Il laissa, comme ordonné plus tôt, le gant et sépara un des doigts du reste de la main. Batman serrait les dents à s'en faire mal à la mâchoire tandis que le clown vert englobait son doigt dans sa bouche chaude. Batman ne pouvait détourner son regard et le tiraillement avait recommencé à se faire sentir. Il observait le Joker qui s'appliquait à faire glisser son doigt épais dans sa bouche et la salive qui restait sur son doigt après des passages répétés.
Le Joker fou s'arrêta en souriant et porta ses lèvres à celles du chevalier. Ce dernier se retenait difficilement et s'autorisa à l'embrasser comme il se devait .
À part eux deux, qui l'aurait su de toute façon ?Leurs deux langues s'enroulèrent l'une autour de l'autre, leurs corps se rapprochèrent à ne plus en pouvoir respirer, leurs nez s'écrasèrent l'un contre l'autre. Ce baiser brisa les chaînes de notre cher cavalier. Il ne put se retenir et attrapa la tête du fou entre ses mains et l'embrassa de plus belle. Leurs dents s'entrechoquèrent et les yeux écarquillés du Joker en disaient long sur son état d'esprit.
Il jeta son tendre ennemi sur le canapé orange et déboutonna sa chemise sans tendresse. Sa voix rauque et sèche laissa sortir tant bien que mal un soupir, la gorge nouée de plaisir, suivit d'un :
« - Je ne savait pas que les fous pouvaient rougir »
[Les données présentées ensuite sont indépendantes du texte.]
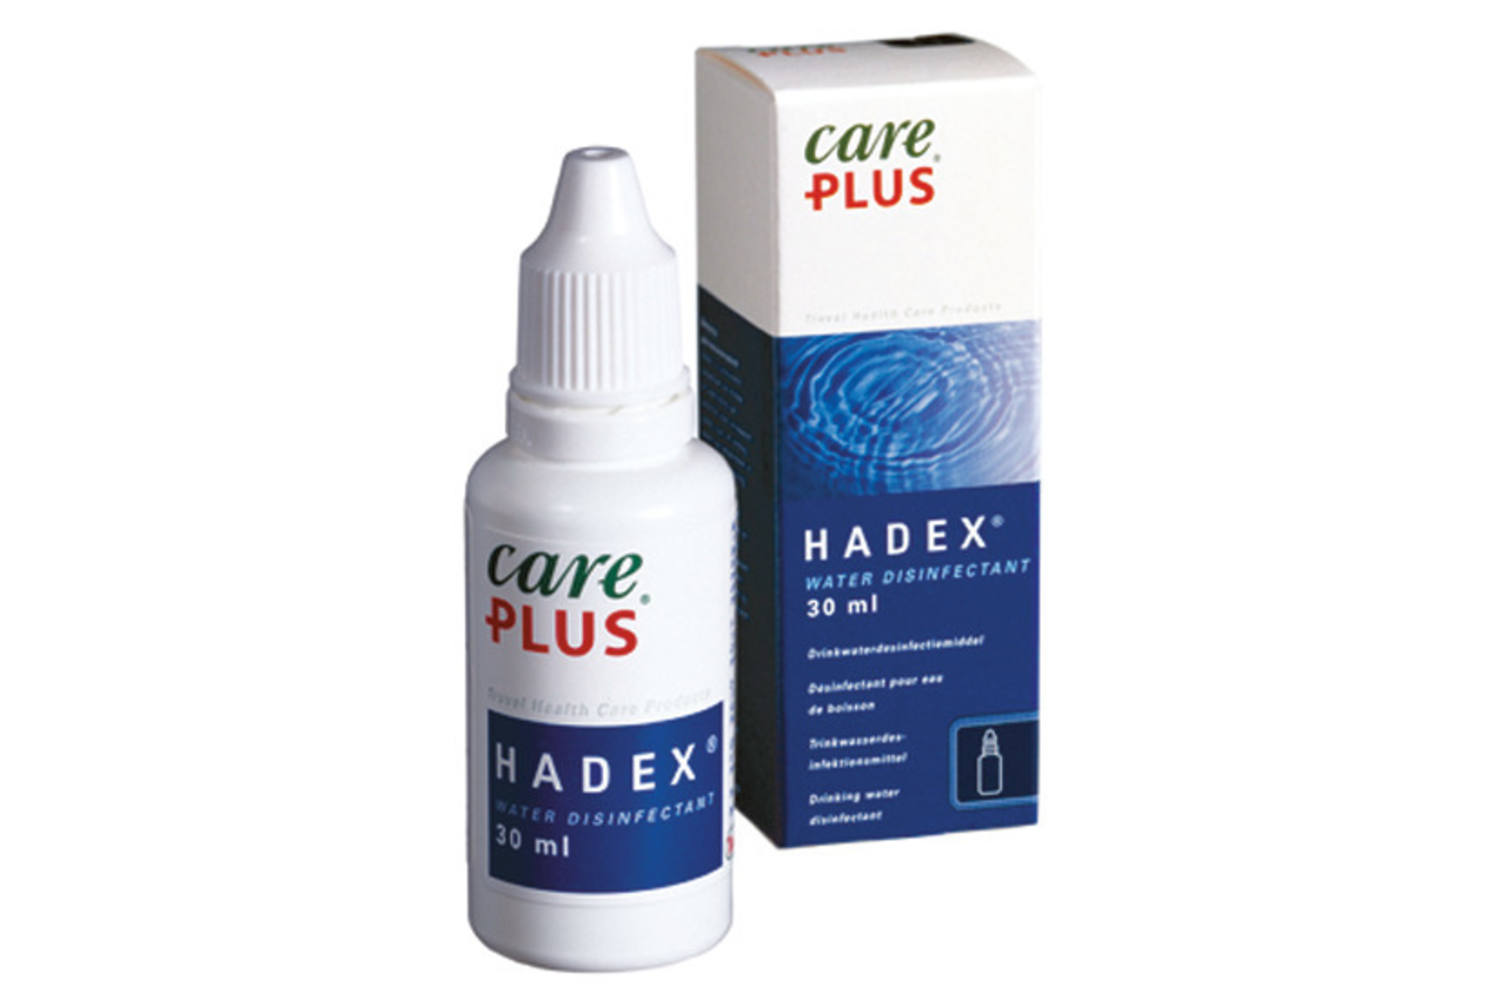 Hadex drinkwaterdesinfectie - 30ml

En effet, l'initiative de Batman avait surpris mais enchanté le dit-fou.

- Seulement quand le Batman a envie de lui.   répondit-il sarcastiquement.

L'homme de la nuit le gifla pour son impertinence avant de l'embrasser fougueusement à nouveau.

- La ferme, bouffon. »

Il essaya de penser à sa mission mais la seule qui retenait son attention était la langue qui remplissait sa bouche étriquée dans son masque. Il se redressa et enleva sa combinaison, gardant gants et masque, ainsi que chaussettes. Il essaya de ne pas penser au risible de la chose et ce fut chose faite quand le Joker posa ses lèvres dans son cou. Quelle sensation... Quelle douceur malgré ces dents serrées autour de sa peau épaisse...

« Pardonne moi, ma femme, mais je le désire plus que tout au monde... » pensa-t-il.